Janine Jansen (violin)

London Symphony Orchestra
Sir Antonio Pappano

Sir Antonio Pappano
Photograph: Musacchio & Ianniello licensed to EMI Classics Concerts come in all shades: drab to dazzling, superfluous to special, average to amazing. This LSO evening, streamed live by the Mezzo channel (linked to below), was all of the latter qualities, a 24-carat affair from start to finish. The music-making was of the highest order, a refinement of chamber detail, full-throated thunder, and the widest dynamic range, barely audible phrases allowed time to breathe, speak and cadence.

Antonio Pappano, baton-free, and opting for antiphonal violins, cellos left-centre, double basses ranked far-left, set the tone with a distinguished, organically-felt account of Sibelius's The Oceanides, memorable for its blended quality, woodwind contribution (flutes especially), and the lingering gravity and catharsis of its D-major anchorage.

Janine Jansen has never been one to fight shy of unfamiliar repertory (think what she's done for Britten’s Violin Concerto). Bernstein's five-movement Serenade after Plato's 'Symposium' for violin, strings, harp and percussion, completed in 1954, three years before West Side Story, may have been commissioned by the Koussevitzky Music Foundation, premiered by Isaac Stern, and recorded by Perlman, Kremer, Accardo and Mutter, among others, but it's never really made its mark in the concert-hall, this side of the Atlantic anyway.

Janine Jansen
Photograph: Marco Borggreve Launching the current season's LSO Artist Portrait series, Jansen could not have done more for it. She was in aristocratic form, supremely confident, her elegant carriage and moments of wiry huntress pounce communicating as much as her virtuosity and intellect. The murmured solo opening – Phaedrus the Athenian in praise of Eros, god of the heart – grew fabulously out of nothing, sound out of silence (theatrically counterbalancing the eruptive tutti introduction of the Finale). She flirted with the notes, she exchanged with the orchestra (brilliantly so in the violin/cello cadenza of the tender fourth movement), and she floated her harmonics like so many caresses. Every gesture – from stooped concentration to arched neck to intense brow, bowing arm in imperious command – unwrapped the music's lyric love and lustful passion, now slow, now quick. Honest, heated emotion, not a frill or fancy in sight. With the rampant closing pages she and Pappano let go, synchronised on a complex knife-edge – the whole bacchanalian razzmatazz and exploding climax suggesting as much a thirty-something New York genius drunk on his own brilliance as (in Bernstein's words) “the natural expression of a contemporary American composer imbued with the spirit of that timeless dinner party” two-and-a-half thousand years ago, Aristophanes and Socrates among the guests. A triumph.

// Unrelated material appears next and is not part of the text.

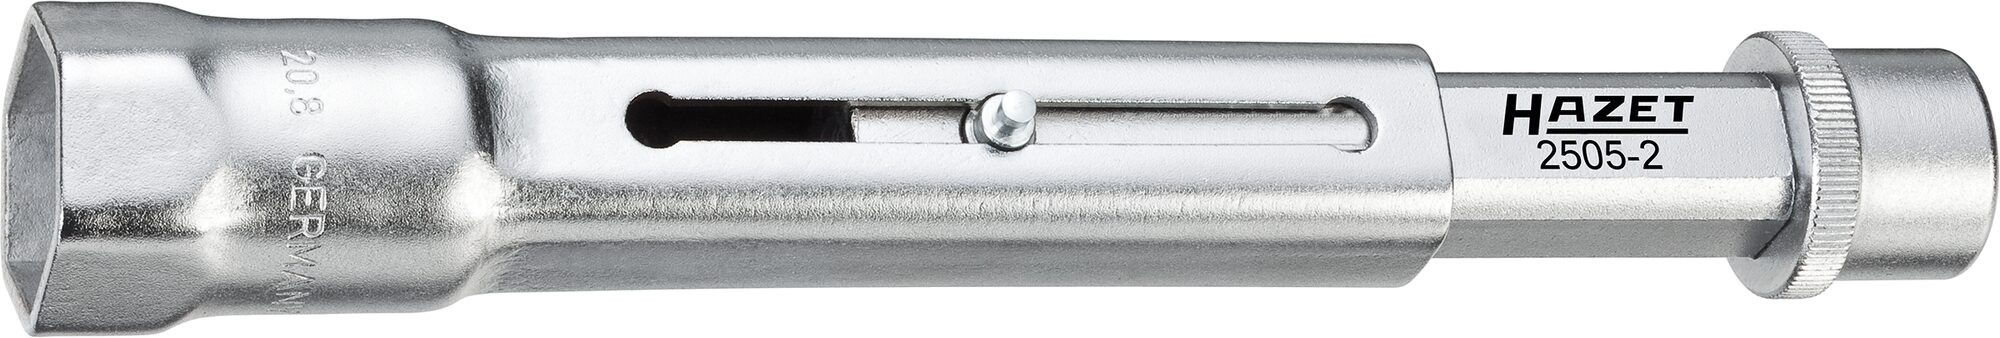 HAZET Zündkerzen-Schlüssel 2505-2 · Vierkant hohl 10 mm (3/8 Zoll) · Außen Sechskant Profil · 20.8 mm · 13/16 ?

Carl Nielsen's ‘Inextinguishable’ Symphony, his inexorable First World War hymn to the “elemental Will of Life” exceeded expectations. Negotiating all traps, Pappano hewed a tough, architecturally massive sculpture – motivic, reminiscent, confrontational, affirmation in the face of odds, a Symphony for our time. The Mahler-like succession of 'Don Juan'-Schubert-‘Alpine’ sunrise-Smetana-‘New World’ allusions running through the whole blazed in crazy, glorious juxtaposition, feeding and offsetting the action. The fairy-hued Poco allegretto took on the character and mischief of a Mendelssohnian wind-band Scherzo meeting tiny pizzicato trolls. The extraordinary timpani battle of the Finale, the two players stationed wide apart, east and west, was a sonic and visual spectacle, the precision attack and spatial onslaught overwhelming.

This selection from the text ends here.